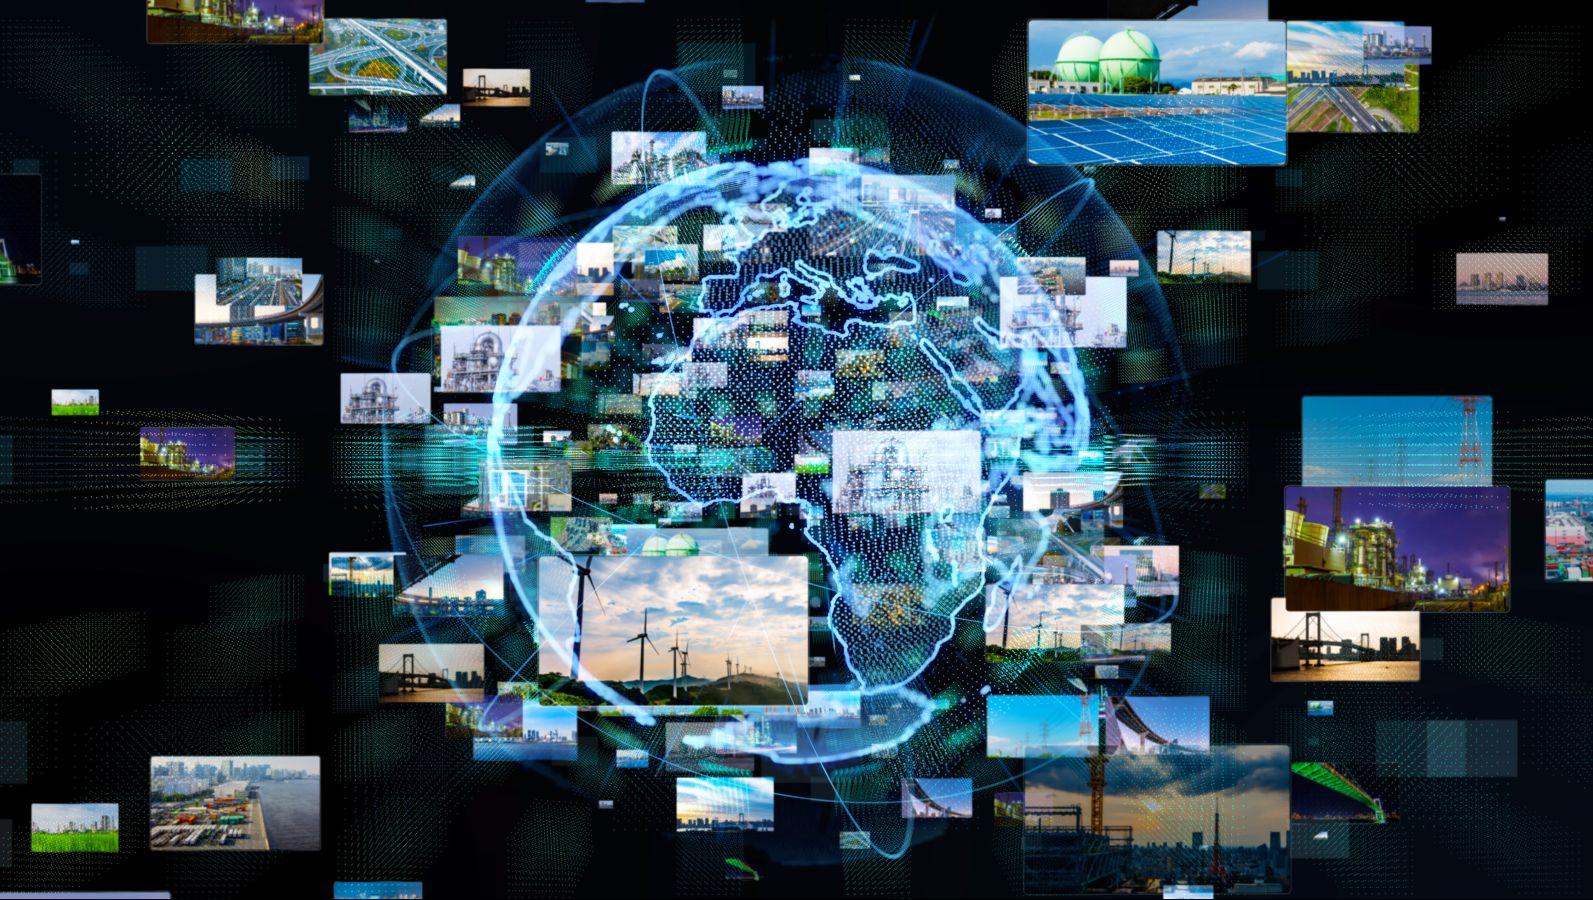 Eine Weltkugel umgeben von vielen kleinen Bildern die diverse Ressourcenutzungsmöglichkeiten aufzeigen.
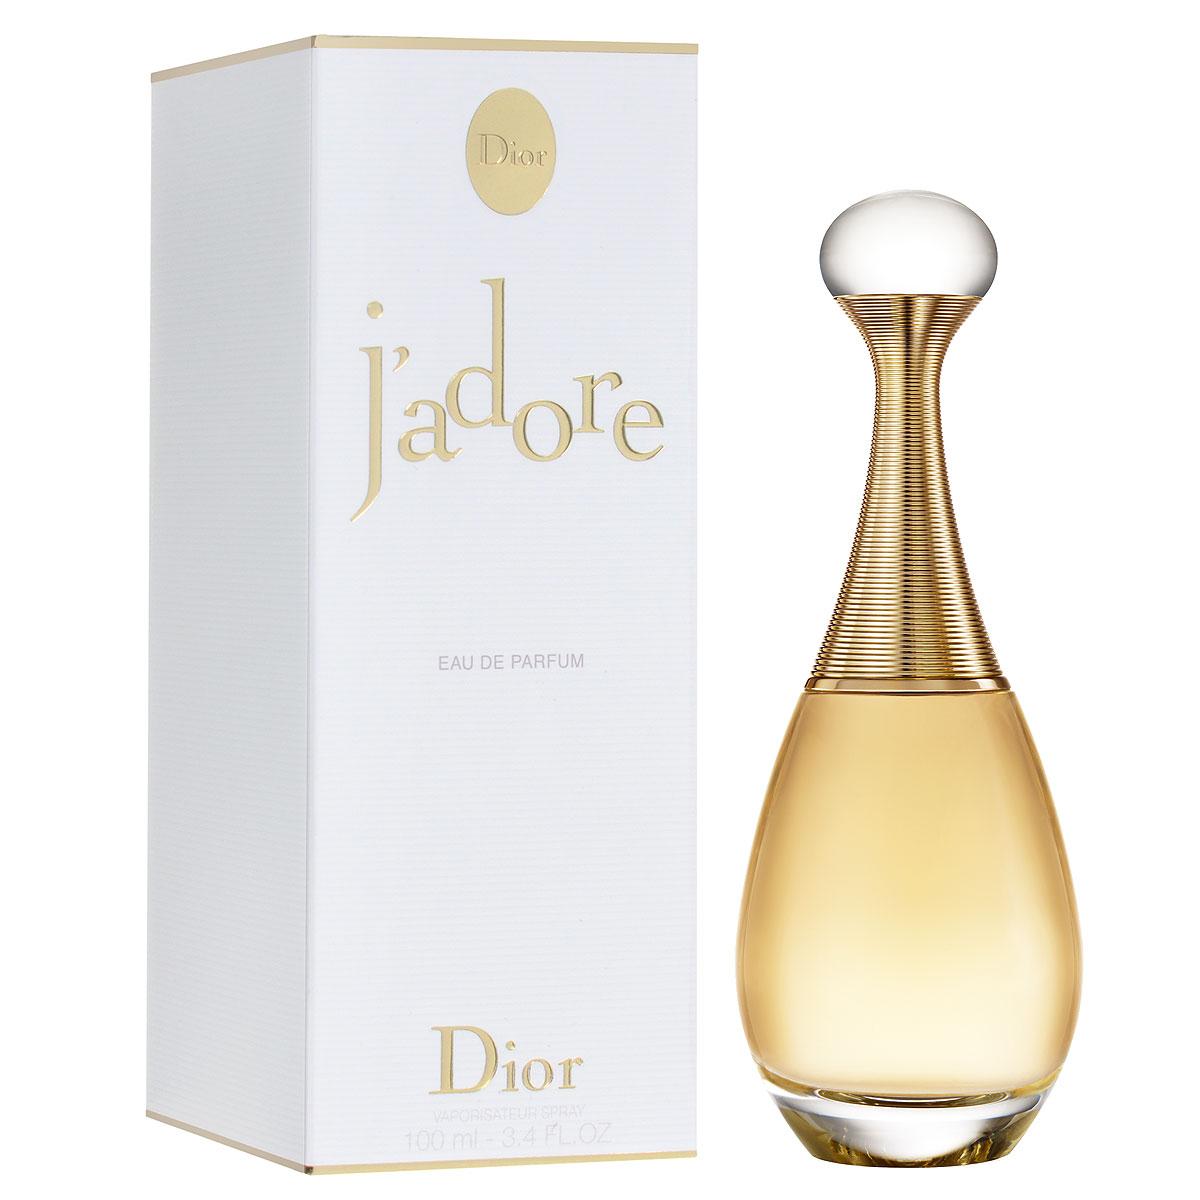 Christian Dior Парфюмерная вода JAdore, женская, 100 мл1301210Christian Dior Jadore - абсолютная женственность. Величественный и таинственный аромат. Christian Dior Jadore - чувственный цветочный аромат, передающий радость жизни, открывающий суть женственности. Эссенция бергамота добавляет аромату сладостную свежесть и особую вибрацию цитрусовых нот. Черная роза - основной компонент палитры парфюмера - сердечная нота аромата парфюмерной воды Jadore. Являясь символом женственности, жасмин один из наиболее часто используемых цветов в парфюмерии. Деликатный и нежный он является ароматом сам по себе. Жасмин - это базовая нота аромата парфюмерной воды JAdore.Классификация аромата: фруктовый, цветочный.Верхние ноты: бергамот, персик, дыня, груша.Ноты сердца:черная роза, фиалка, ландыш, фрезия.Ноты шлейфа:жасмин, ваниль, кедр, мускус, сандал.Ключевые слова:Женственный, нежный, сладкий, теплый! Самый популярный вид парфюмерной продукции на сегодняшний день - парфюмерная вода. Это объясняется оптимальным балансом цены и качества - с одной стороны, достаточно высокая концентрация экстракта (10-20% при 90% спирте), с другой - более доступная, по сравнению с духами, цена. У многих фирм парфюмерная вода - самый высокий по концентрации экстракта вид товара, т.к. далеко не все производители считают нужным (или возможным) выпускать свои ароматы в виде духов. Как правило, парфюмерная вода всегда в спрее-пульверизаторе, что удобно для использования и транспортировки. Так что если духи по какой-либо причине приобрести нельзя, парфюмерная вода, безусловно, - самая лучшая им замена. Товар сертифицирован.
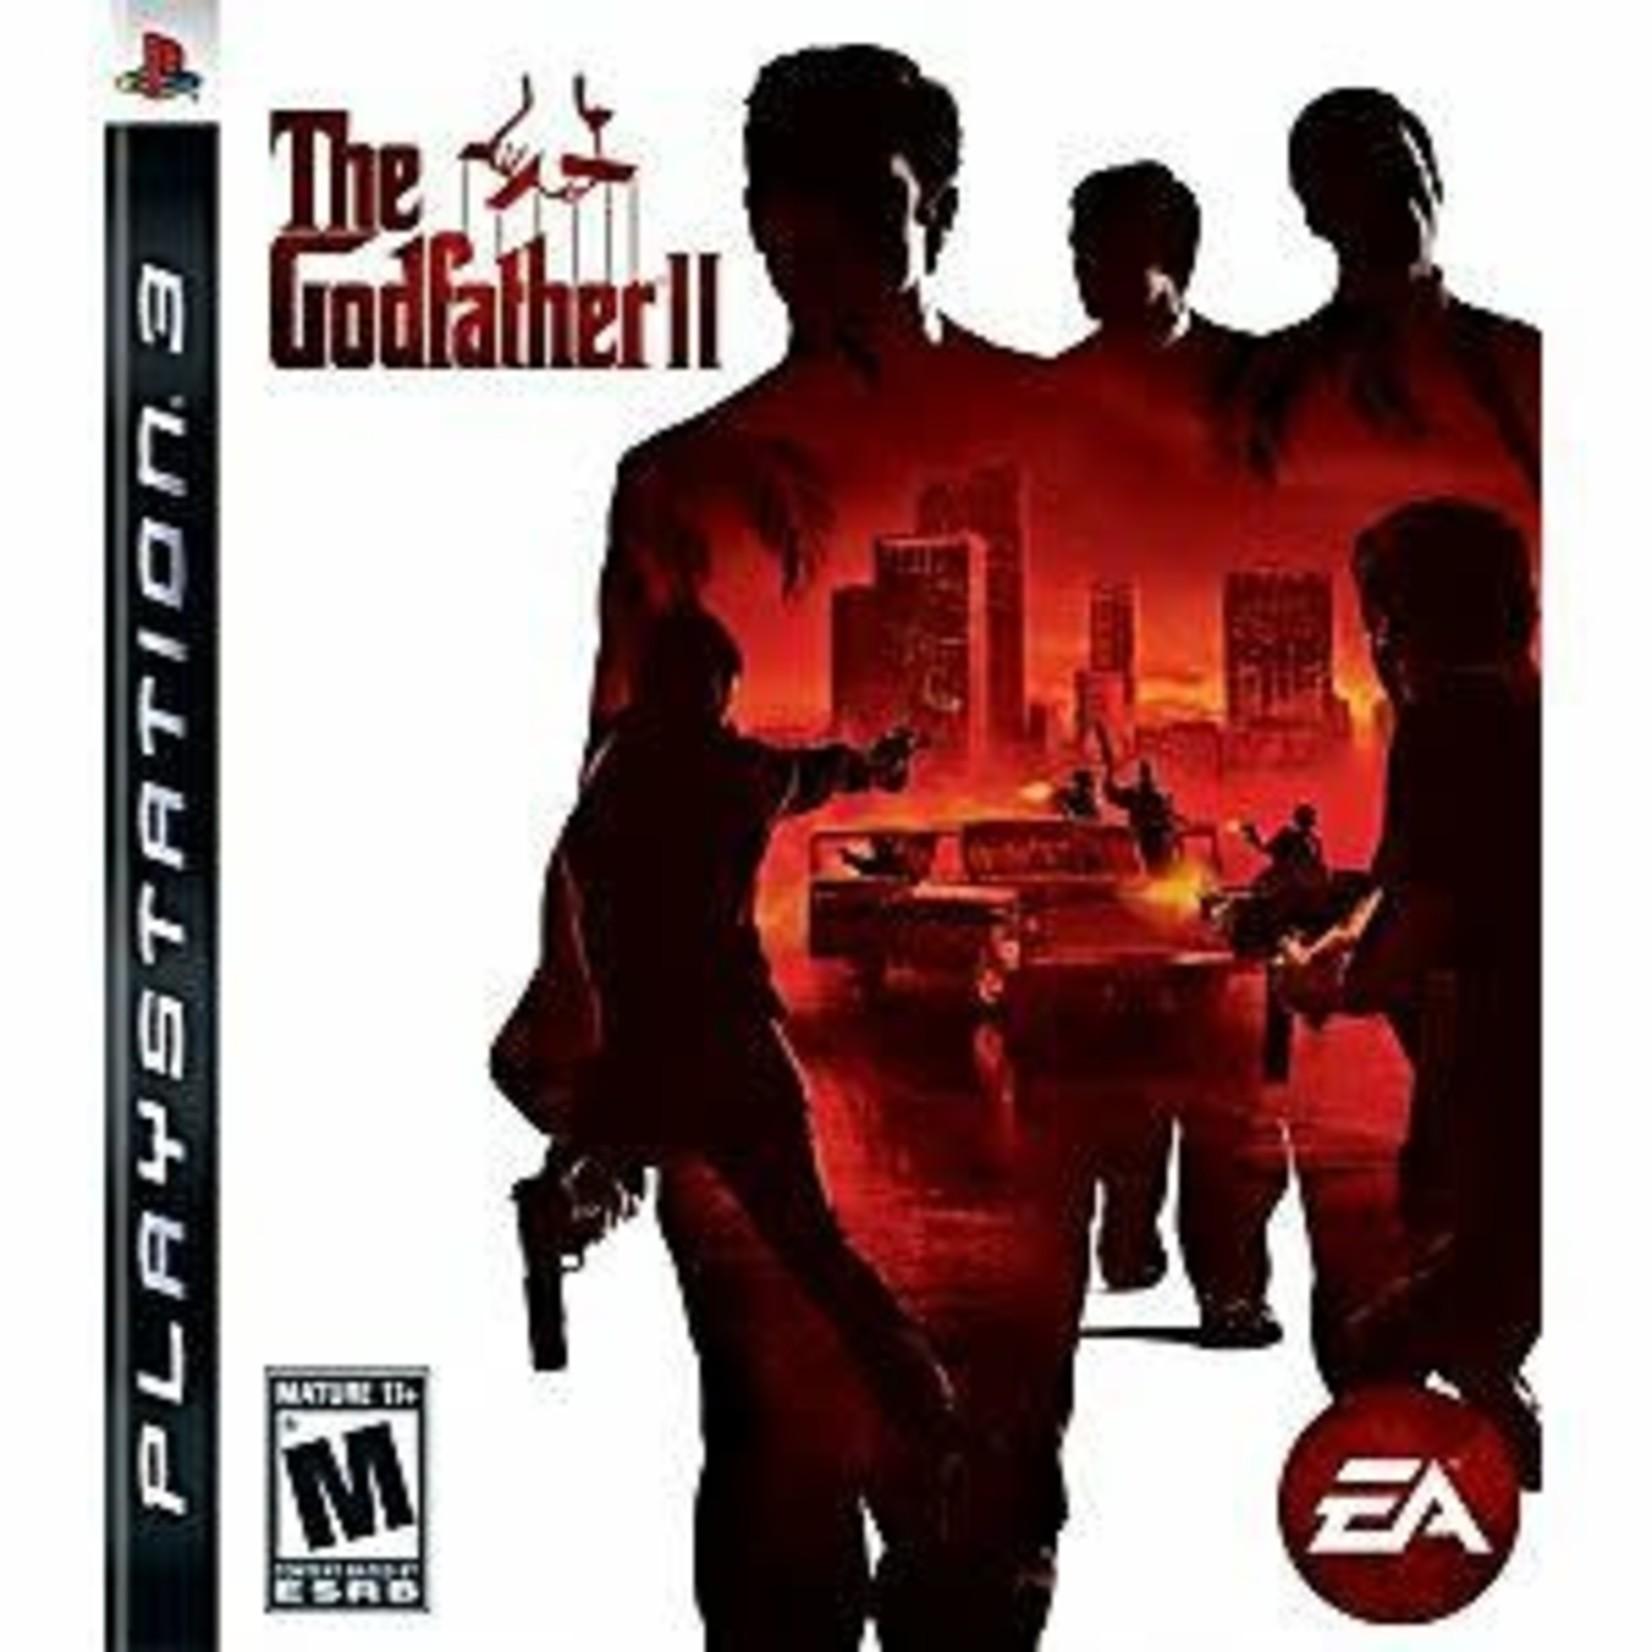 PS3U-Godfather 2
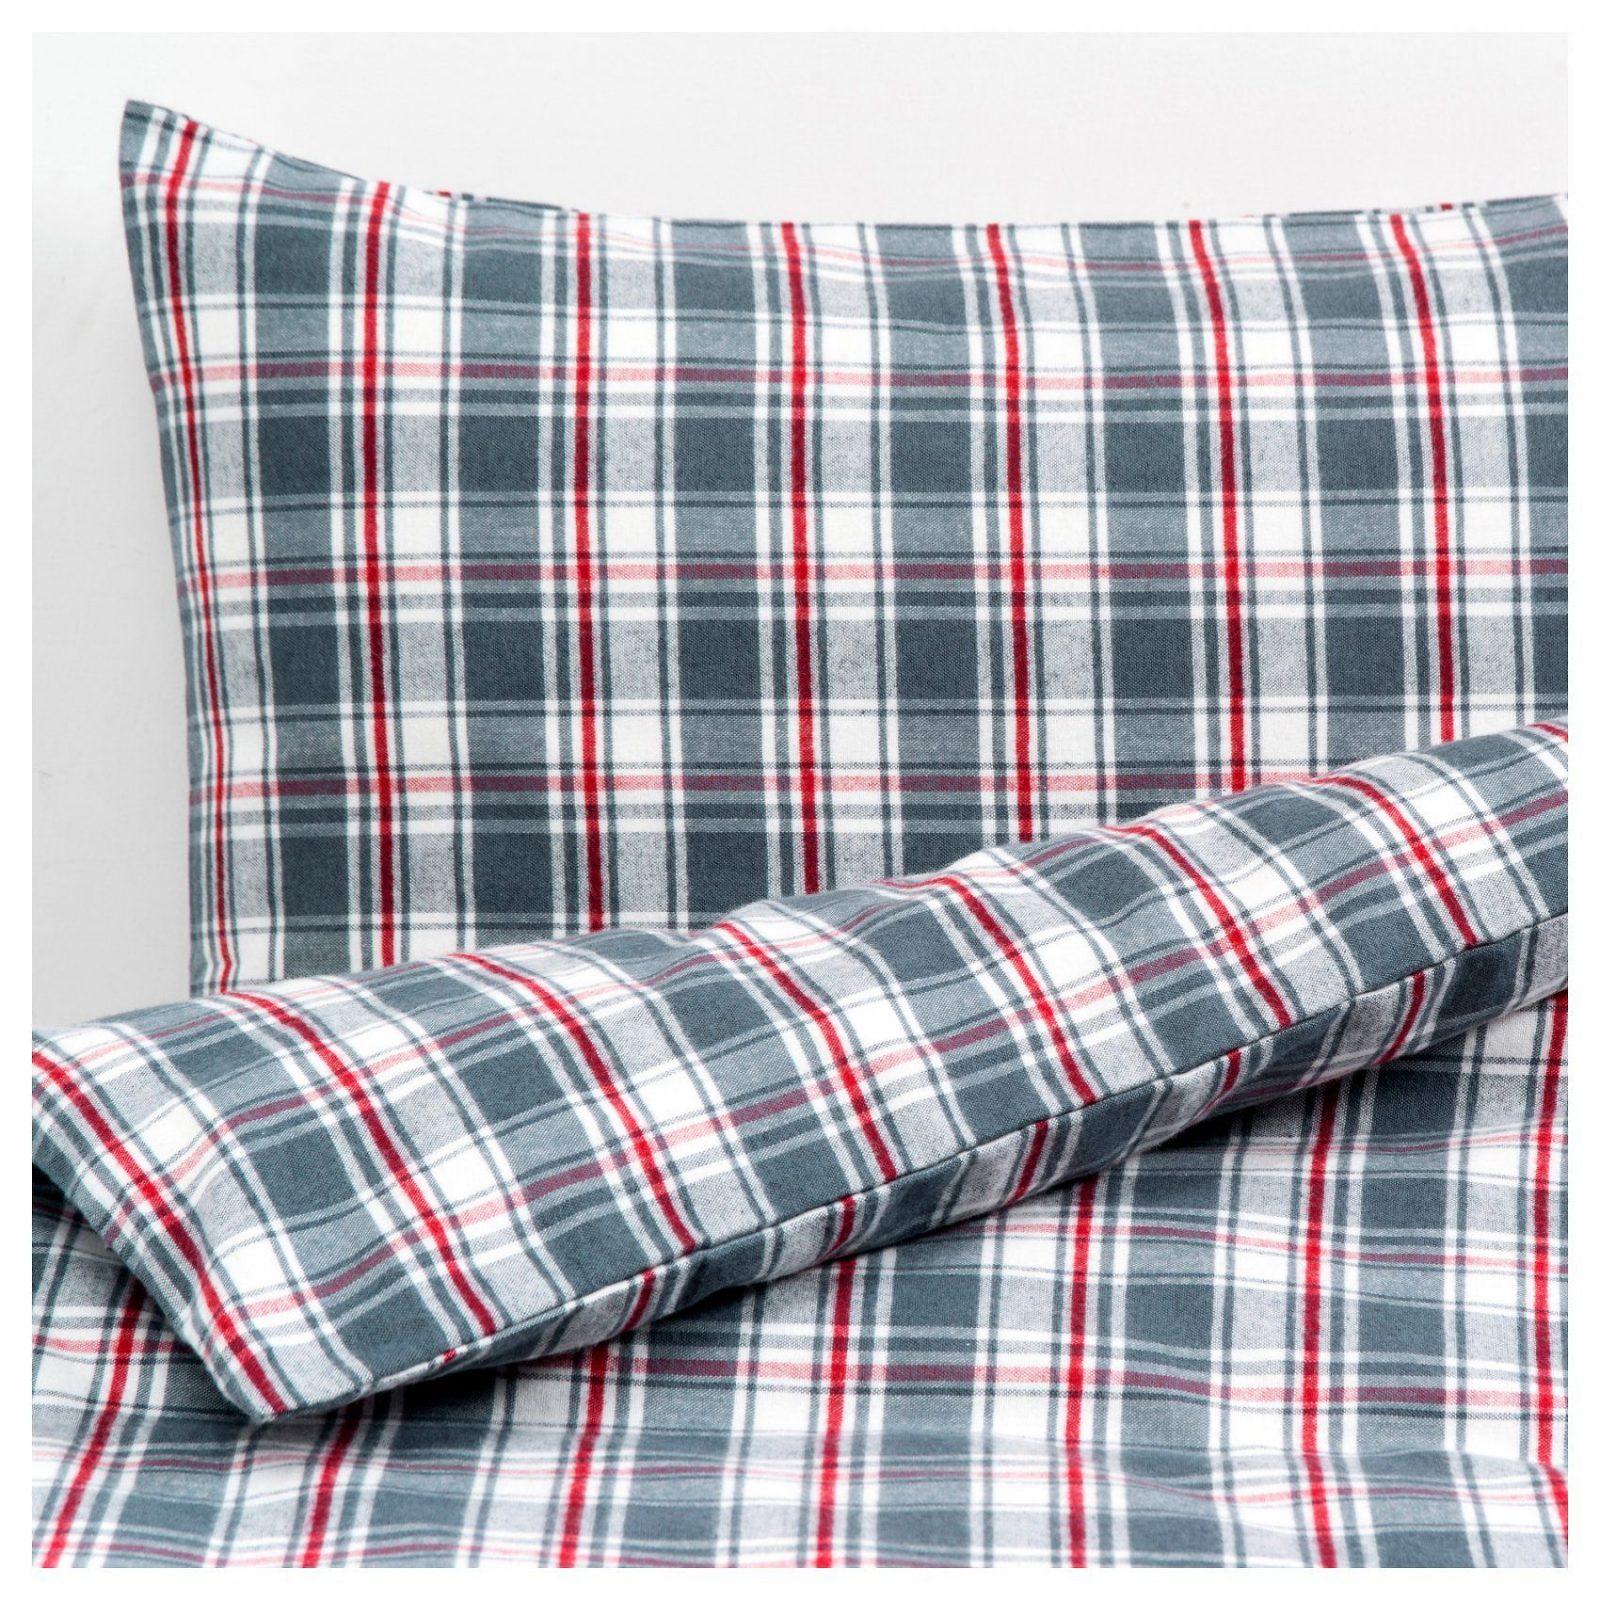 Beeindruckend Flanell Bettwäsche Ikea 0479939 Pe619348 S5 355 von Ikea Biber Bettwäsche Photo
- - -
YOUR INSTRUCTIONS: Extract the run of lines from the line holding "PS3U-Godfather 2" through the final line of the material above, exactly and inclusively. Leave the pictures behind.

RESPONSE BOX:
 PS3U-Godfather 2
 Beeindruckend Flanell Bettwäsche Ikea 0479939 Pe619348 S5 355 von Ikea Biber Bettwäsche Photo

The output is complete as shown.